The other asset is situated on the ground floor of a full commercial HDB block located at 181 Lorong 4 Toa Payoh. With a remaining tenure of about 47 years, the full 9,731 sq ft unit is currently occupied by Giant Supermarket.

Giant announced earlier this month that it would close that outlet within September. Giant closed nine stores in six months this year, leaving the chain with 45 outlets here as at September.  

Sheng Siong’s shareholders had pressed management on their view on mergers and acquisitions ahead of its annual general meeting in April.

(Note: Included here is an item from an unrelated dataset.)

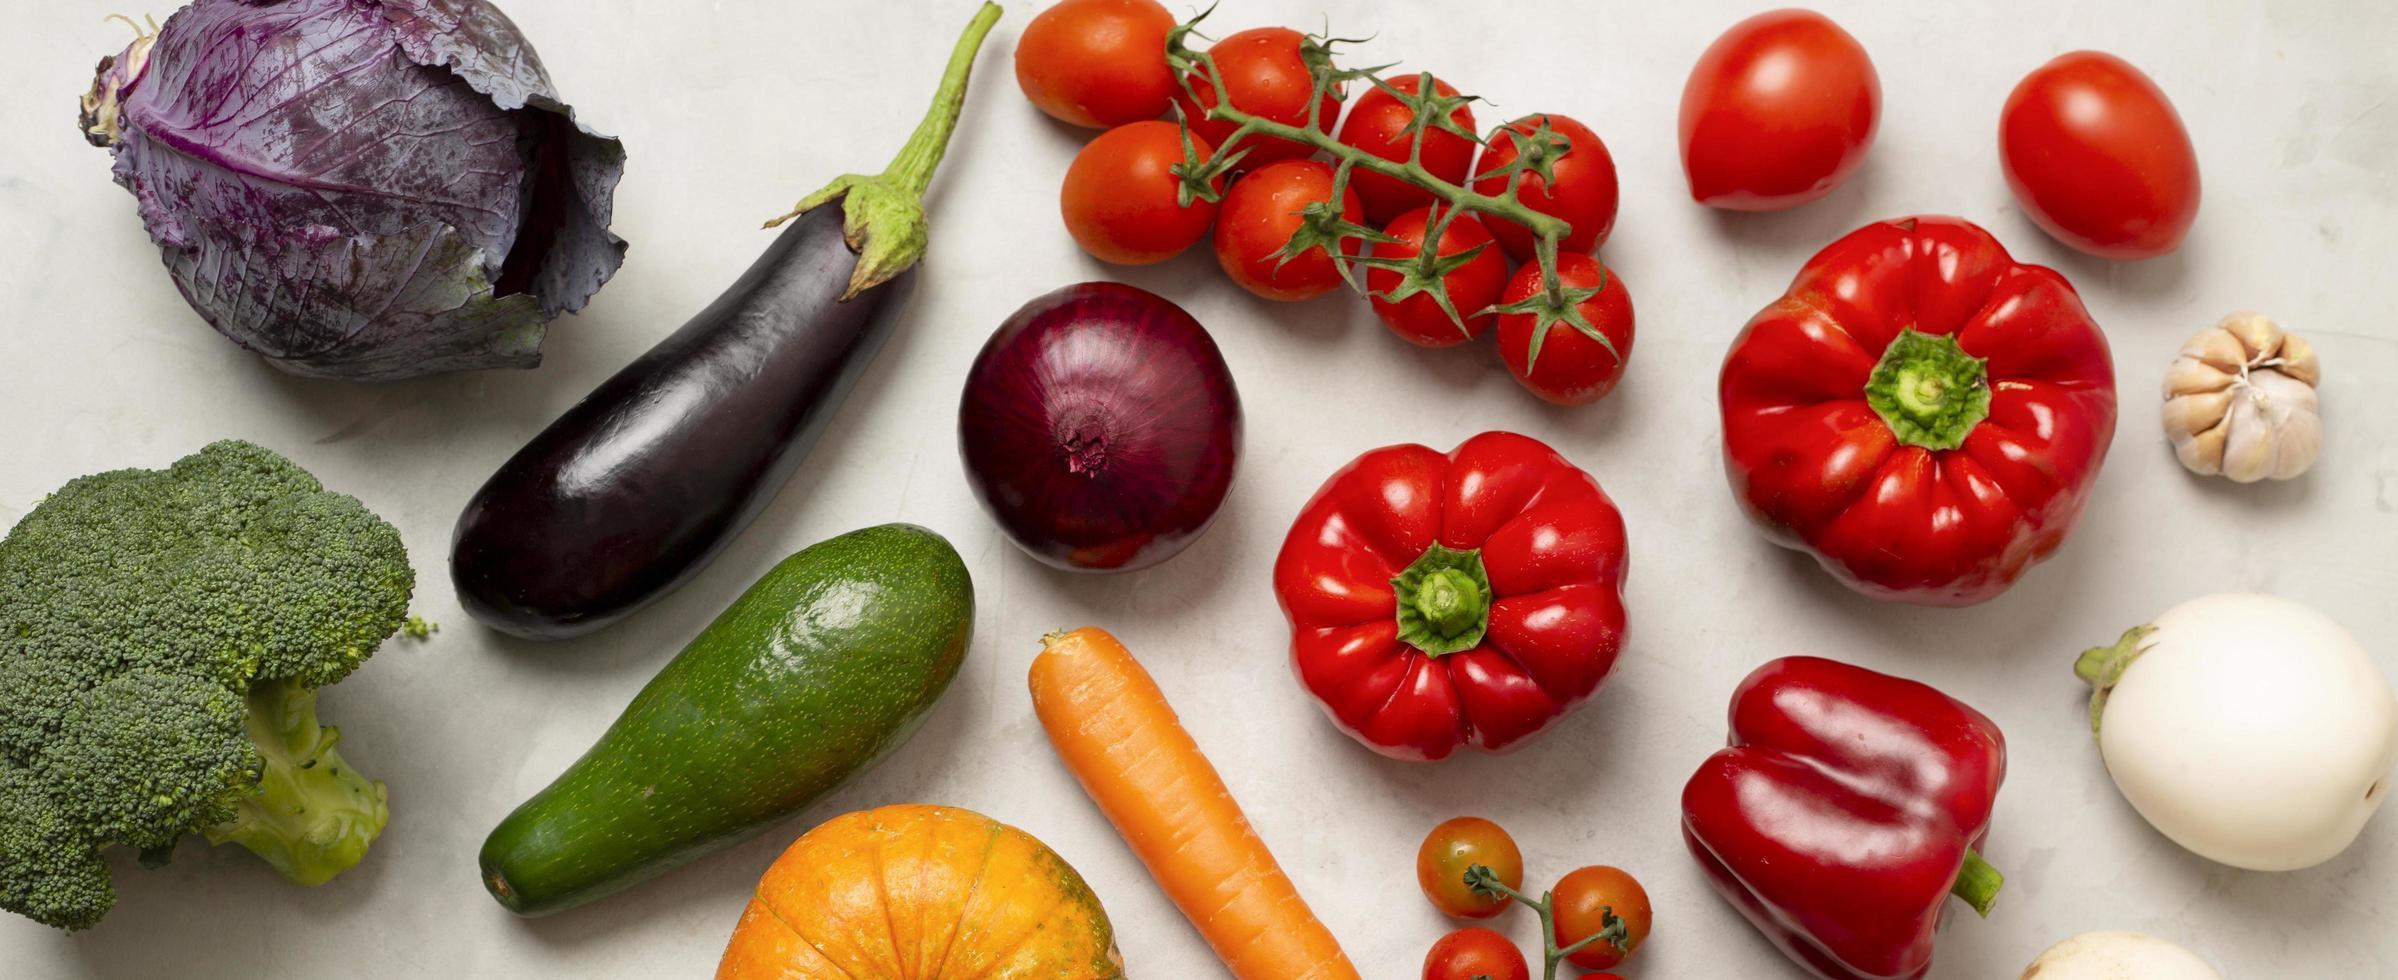 vue de dessus de légumes assortis photo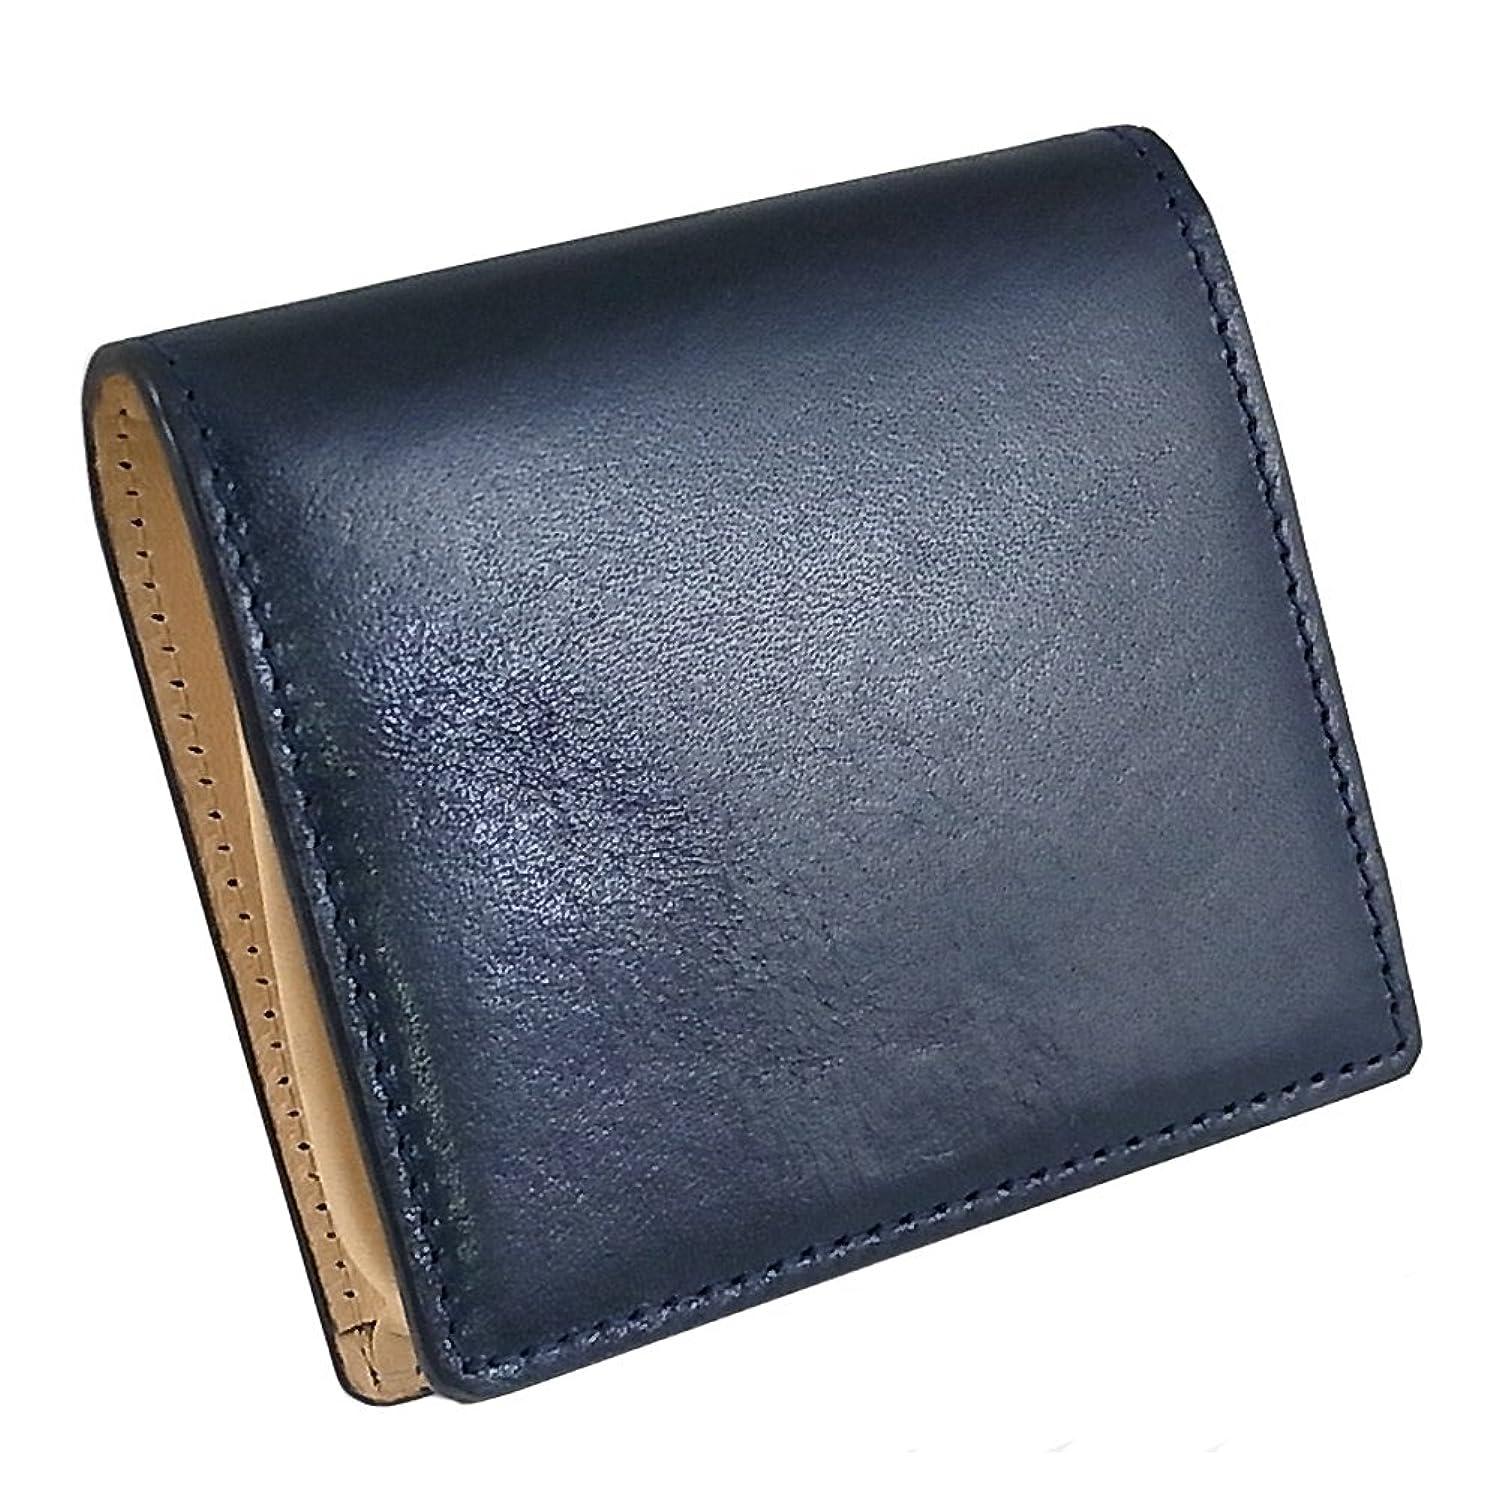 脱獄窒素おびえたブランド[ハービー&ハドソン]HARVIE&HUDSON  メンズ 小銭入れ コインケース 財布 本革 イタリアンレザー プレゼントにも最適 HA-3006 青 ブルー

They stated, based on the company’s latest annual report, that the supermarket chain had some $324 million in cash as at end-2023. 

In a written response, Sheng Siong said it was “reserving cash as its war chest for various opportunities”, such as potential acquisitions of stores, warehousing and tech investments. ”It takes time to nurture these opportunities, and we think it is more strategic that Sheng Siong focuses more on organic growth — expanding our network of stores, improving customer service and exploring ways to attract new customers.”

Sheng Siong had acquired a commercial property at 118 Aljunied Avenue 2 from Jelita Property for some $29.5 million in 2019.

Shares in Sheng Siong closed 1 cent lower, or 0.66% down, at $1.50 on Sept 27.